(Directions) What you return must be an exact copy of the lines in the listing below between the line holding "Zidgel (Cartoon-style remastered)" and the line holding "Large package courier", inclusive, and nothing more.

#### Task data ####

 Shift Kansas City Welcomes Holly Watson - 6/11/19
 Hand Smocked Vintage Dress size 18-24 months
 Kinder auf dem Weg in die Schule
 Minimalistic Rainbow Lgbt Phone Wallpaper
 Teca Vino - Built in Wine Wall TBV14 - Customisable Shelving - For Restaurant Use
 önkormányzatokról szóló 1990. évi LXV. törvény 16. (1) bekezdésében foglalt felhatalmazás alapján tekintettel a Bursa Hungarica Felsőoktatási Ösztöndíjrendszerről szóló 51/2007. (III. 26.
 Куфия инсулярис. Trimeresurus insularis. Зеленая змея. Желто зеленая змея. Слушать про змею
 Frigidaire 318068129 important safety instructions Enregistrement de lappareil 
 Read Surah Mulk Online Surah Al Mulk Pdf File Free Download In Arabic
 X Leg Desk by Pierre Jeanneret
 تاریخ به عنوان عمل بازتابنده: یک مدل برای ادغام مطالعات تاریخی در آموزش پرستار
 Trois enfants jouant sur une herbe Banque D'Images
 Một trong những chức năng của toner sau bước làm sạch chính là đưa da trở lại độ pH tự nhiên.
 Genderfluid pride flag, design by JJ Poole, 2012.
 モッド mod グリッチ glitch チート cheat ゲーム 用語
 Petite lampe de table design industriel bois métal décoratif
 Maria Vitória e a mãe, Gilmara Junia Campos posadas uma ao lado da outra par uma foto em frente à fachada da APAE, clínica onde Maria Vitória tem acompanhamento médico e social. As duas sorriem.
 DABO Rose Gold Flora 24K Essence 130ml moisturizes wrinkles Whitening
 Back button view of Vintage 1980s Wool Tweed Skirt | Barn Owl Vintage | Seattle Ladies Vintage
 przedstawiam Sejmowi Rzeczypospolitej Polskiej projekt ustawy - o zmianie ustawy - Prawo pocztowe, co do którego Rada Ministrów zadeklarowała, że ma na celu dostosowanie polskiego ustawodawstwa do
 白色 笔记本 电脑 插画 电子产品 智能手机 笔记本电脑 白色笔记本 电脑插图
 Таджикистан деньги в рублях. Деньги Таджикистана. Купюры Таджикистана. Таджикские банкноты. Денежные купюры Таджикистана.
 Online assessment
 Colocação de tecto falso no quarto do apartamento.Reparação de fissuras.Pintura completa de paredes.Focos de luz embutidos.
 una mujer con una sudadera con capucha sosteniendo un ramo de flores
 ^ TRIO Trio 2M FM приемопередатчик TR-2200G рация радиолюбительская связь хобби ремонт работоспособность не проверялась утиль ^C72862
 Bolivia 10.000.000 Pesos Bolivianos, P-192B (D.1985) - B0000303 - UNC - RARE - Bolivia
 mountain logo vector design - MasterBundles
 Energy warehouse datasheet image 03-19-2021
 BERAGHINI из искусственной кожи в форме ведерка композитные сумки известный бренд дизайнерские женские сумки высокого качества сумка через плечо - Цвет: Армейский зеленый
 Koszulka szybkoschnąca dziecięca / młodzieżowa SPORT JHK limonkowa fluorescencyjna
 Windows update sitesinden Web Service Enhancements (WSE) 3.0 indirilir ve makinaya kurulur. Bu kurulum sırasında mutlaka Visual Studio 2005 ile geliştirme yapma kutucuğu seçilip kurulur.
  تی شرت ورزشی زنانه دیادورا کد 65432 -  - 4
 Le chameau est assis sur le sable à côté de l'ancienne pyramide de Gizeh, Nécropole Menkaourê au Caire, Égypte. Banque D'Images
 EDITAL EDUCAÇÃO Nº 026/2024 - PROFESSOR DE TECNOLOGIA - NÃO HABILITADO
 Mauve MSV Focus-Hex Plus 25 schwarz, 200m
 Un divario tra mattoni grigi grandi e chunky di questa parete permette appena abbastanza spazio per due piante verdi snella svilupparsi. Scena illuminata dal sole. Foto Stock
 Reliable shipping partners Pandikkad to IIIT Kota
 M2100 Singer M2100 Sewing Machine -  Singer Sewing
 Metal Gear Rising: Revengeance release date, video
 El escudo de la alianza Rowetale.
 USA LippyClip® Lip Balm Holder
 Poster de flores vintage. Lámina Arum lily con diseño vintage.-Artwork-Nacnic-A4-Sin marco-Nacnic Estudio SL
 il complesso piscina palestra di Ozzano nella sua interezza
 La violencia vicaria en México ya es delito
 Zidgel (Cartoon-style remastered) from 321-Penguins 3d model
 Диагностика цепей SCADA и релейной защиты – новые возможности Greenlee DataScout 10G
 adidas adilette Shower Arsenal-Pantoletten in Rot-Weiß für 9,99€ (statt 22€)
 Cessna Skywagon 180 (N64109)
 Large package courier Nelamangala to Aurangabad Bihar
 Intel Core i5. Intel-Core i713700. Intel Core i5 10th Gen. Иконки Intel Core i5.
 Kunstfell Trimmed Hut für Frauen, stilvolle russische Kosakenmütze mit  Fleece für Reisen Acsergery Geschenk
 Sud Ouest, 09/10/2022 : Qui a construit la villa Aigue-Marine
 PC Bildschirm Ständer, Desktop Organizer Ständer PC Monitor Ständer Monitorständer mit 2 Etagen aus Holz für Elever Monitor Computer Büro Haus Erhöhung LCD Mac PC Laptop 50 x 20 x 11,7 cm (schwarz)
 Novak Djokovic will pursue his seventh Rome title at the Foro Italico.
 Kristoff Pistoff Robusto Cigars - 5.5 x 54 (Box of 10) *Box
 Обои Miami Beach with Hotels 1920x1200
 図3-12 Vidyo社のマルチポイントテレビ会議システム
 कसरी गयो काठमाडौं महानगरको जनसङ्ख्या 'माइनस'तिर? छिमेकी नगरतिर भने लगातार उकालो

####

(Answer to this task)
 Zidgel (Cartoon-style remastered) from 321-Penguins 3d model
 Диагностика цепей SCADA и релейной защиты – новые возможности Greenlee DataScout 10G
 adidas adilette Shower Arsenal-Pantoletten in Rot-Weiß für 9,99€ (statt 22€)
 Cessna Skywagon 180 (N64109)
 Large package courier Nelamangala to Aurangabad Bihar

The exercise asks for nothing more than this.